Check out this list of regulations for more information.
Colorado was the first state to legalize recreational cannabis, and still a favorite destination for visitors. Non-residents may possess up to one ounce, but cannot purchase more than ¼ ounce at a time.
Refer to the state’s guide for more information.
As of 2016, recreational cannabis is legal in Maine. The limit is 2.5 ounces for both medical patients and recreational users. Without a medical card, anyone over the age of 21 can purchase cannabis in the state with government-issued identification.
Check out this guide for more information.
Residents approved Proposition 4 in 2016, legalizing recreational marijuana in Massachusetts. As of November 2018, the state has opened dispensaries for adults over 21 to purchase cannabis. Users are allowed to possess up to one ounce at a time.

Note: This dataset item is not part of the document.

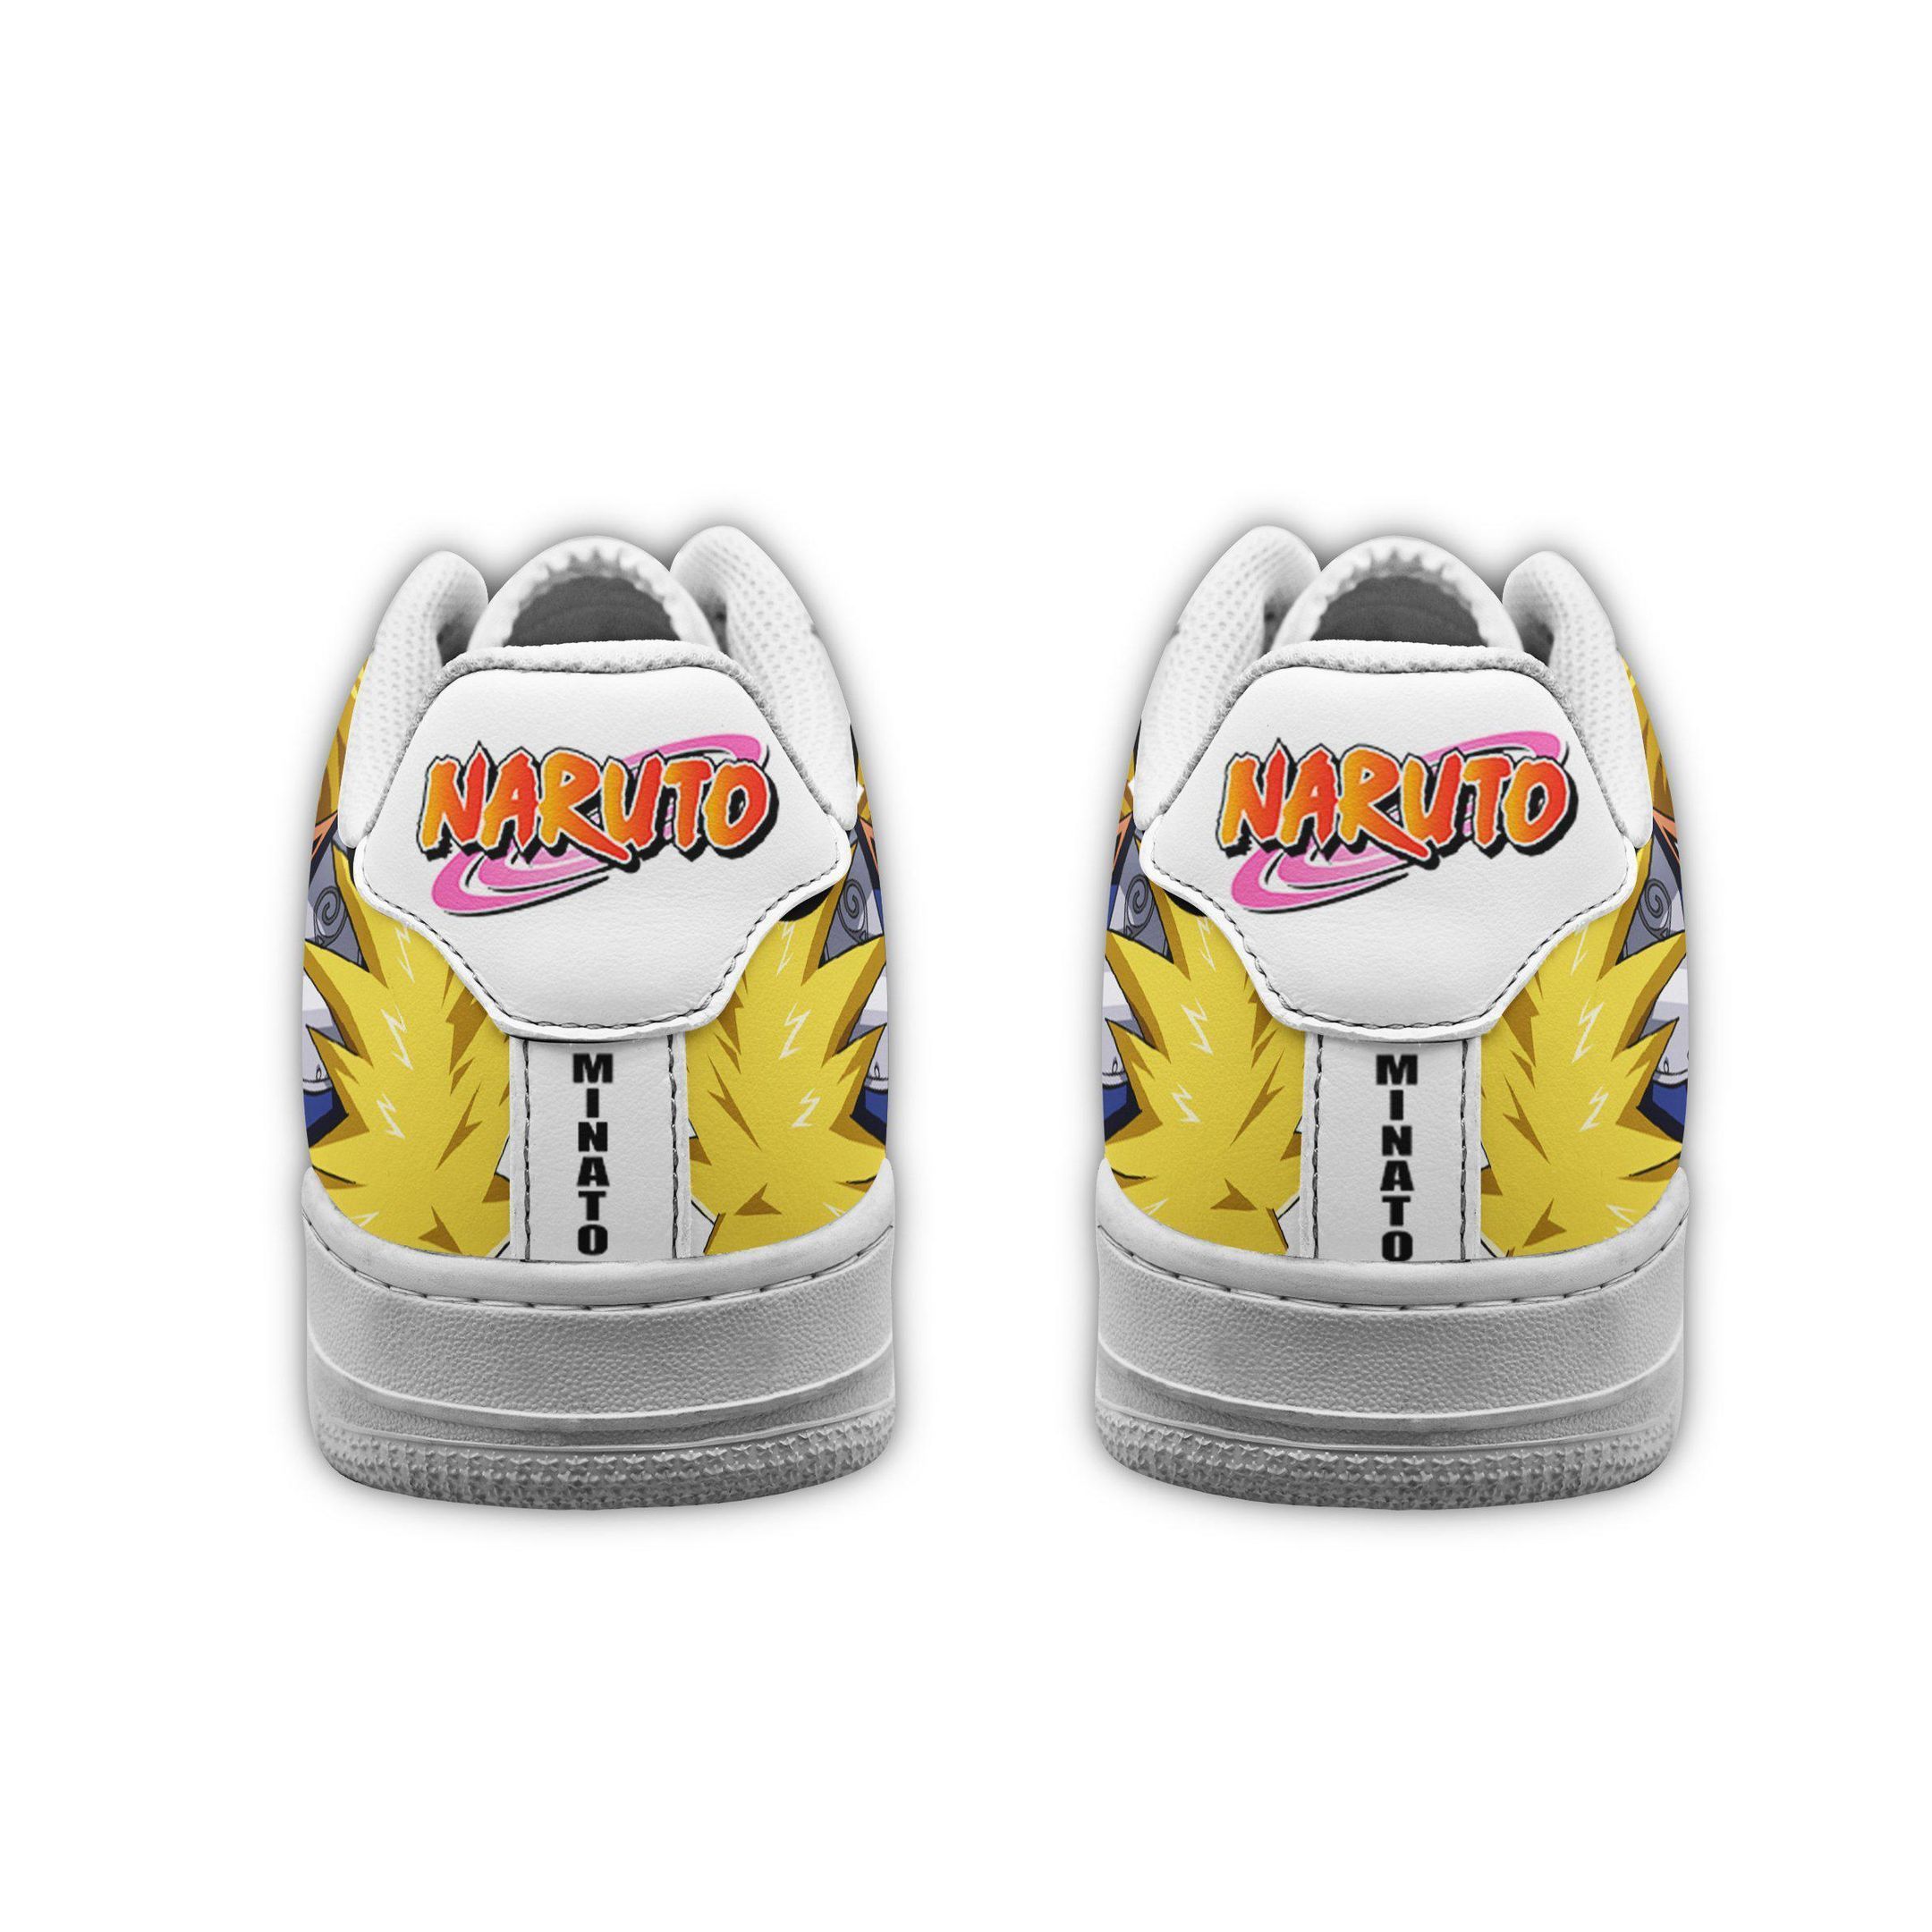 Minato Air Shoes Naruto Anime Shoes Fan Gift GO1012

The rules are a little confusing in Michigan, and many were still uncertain about what can and cannot be done when the law took effect. Users in the state can possess up to 2.5 ounces at a time with no penalty. However, they cannot purchase within the state.
Refer to the state’s guide for more information.
Nevada’s marijuana laws are pretty straightforward. Anyone over the age of 21 can possess up to one ounce of cannabis at a time, though medical patients in state can have up to 2.5 ounces within a 14-day period.
Check out the state’s guide on possession and consumption for more information.
Oregon’s marijuana laws are also fairly simple and straightforward. Adults over 21 can have up to one ounce of flower, 72 ounces of cannabis-infused liquid, or five grams of concentrate.
For more information, check out this FAQ.
The state passed Initiative 502 in 2012, becoming the second state to legalize recreational use of cannabis. Much like Oregon, anyone over 21 may possess up to one ounce of flower, 16 ounces of edibles, 72 ounces of infused liquids, or seven ounces of concentrates.